Induction of Durable Antitumor Response by a Novel Oncolytic Herpesvirus Expressing Multiple Immunomodulatory Transgenes

Dmitry V Chouljenko  1 Jun Ding  1 I-Fang Lee  1 Yanal M Murad  1 Xuexian Bu  1 Guoyu Liu  1 Zahid Delwar  1 Yi Sun  1 Sheng Yu  1 Ismael Samudio  1 Ronghua Zhao  1 William Wei-Guo Jia  1
Affiliations

Induction of Durable Antitumor Response by a Novel Oncolytic Herpesvirus Expressing Multiple Immunomodulatory Transgenes

Dmitry V Chouljenko et al.

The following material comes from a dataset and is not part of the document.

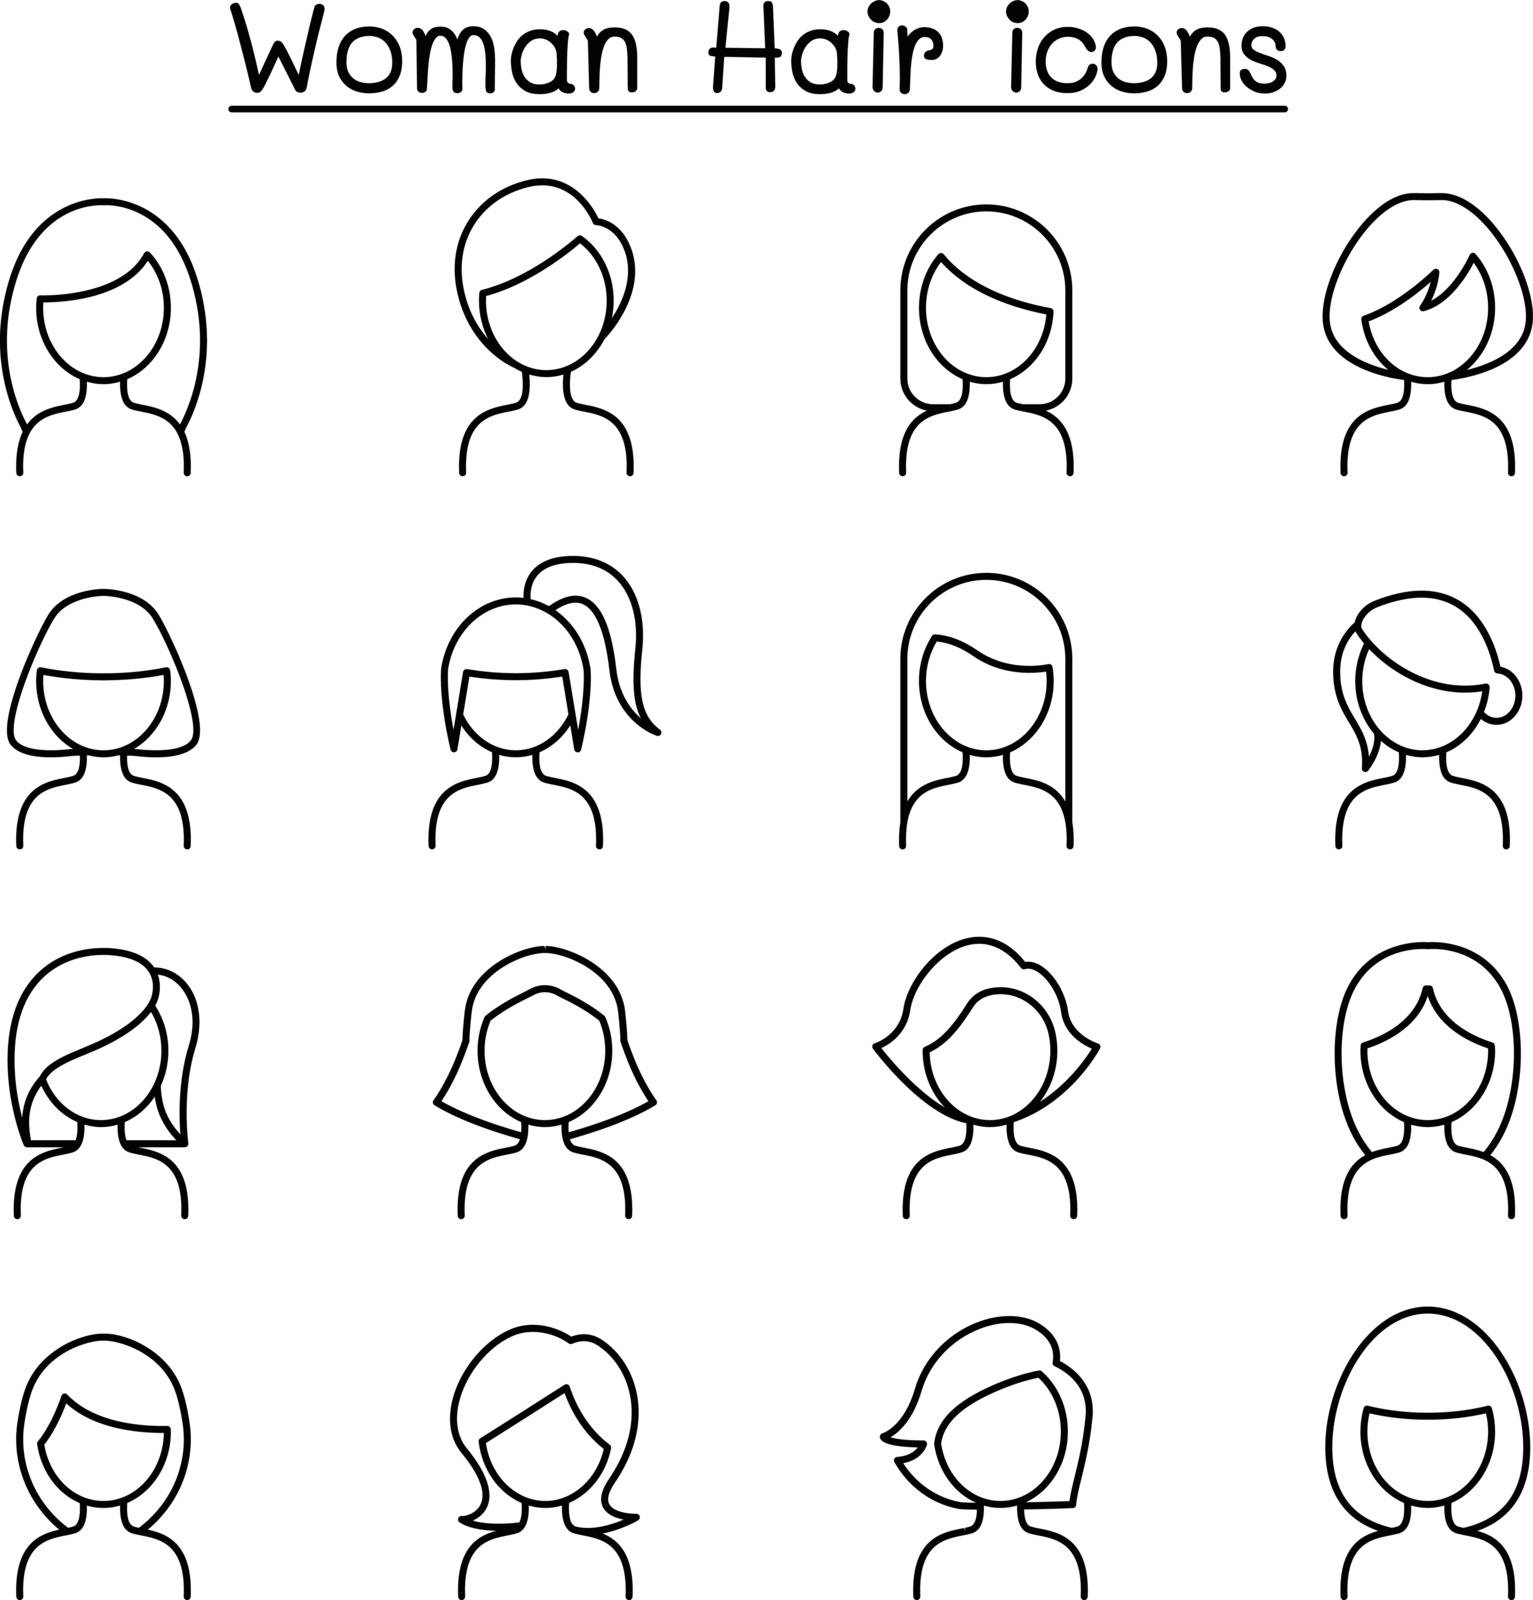 Woman Hair Style icon set in thin line style by Puckung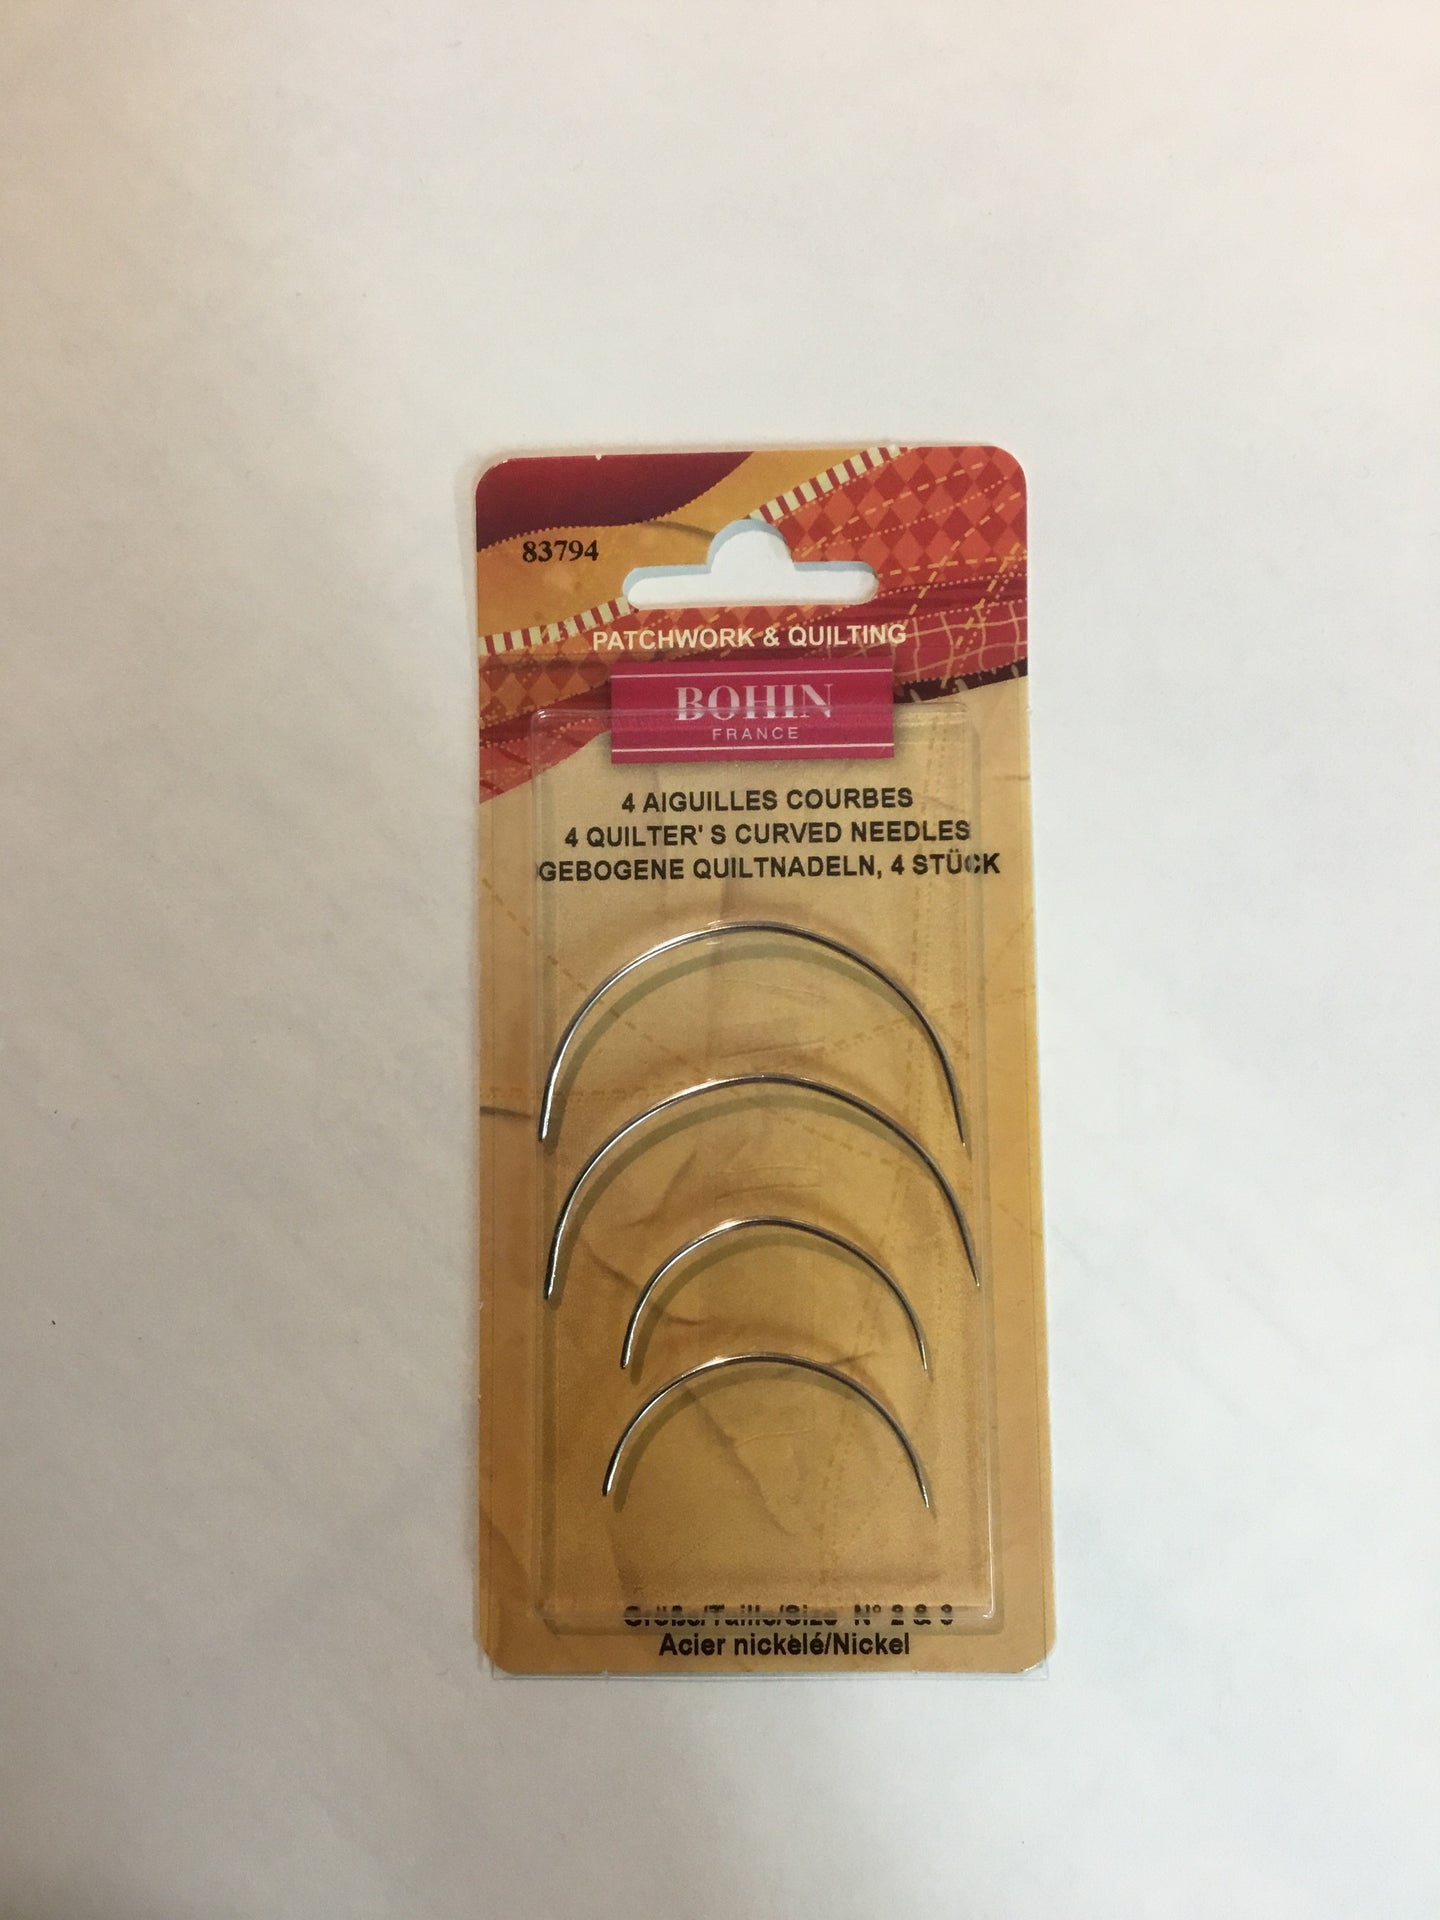 Bohin quilter’s curved needles

Biomedicines. .

Abstract

Oncolytic virotherapy is a promising new tool for cancer treatment, but direct lytic destruction of tumor cells is not sufficient and must be accompanied by strong immune activation to elicit anti-tumor immunity. We report here the creation of a novel replication-competent recombinant oncolytic herpes simplex virus type 1 (VG161) that carries genes coding for IL-12, IL-15, and IL-15 receptor alpha subunit, along with a peptide fusion protein capable of disrupting PD-1/PD-L1 interactions. The VG161 virus replicates efficiently and exhibits robust cytotoxicity in multiple tumor cell lines. Moreover, the encoded cytokines and the PD-L1 blocking peptide work cooperatively to boost immune cell function. In vivo testing in syngeneic CT26 and A20 tumor models reveals superior efficacy when compared to a backbone virus that does not express exogenous genes. Intratumoral injection of VG161 induces abscopal responses in non-injected distal tumors and grants resistance to tumor re-challenge. The robust anti-tumor effect of VG161 is associated with T cell and NK cell tumor infiltration, expression of Th1 associated genes in the injection site, and increased frequency of splenic tumor-specific T cells. VG161 also displayed a superb safety profile in GLP acute and repeated injection toxicity studies performed using cynomolgus monkeys. Overall, we demonstrate that VG161 can induce robust oncolysis and stimulate a robust anti-tumor immune response without sacrificing safety.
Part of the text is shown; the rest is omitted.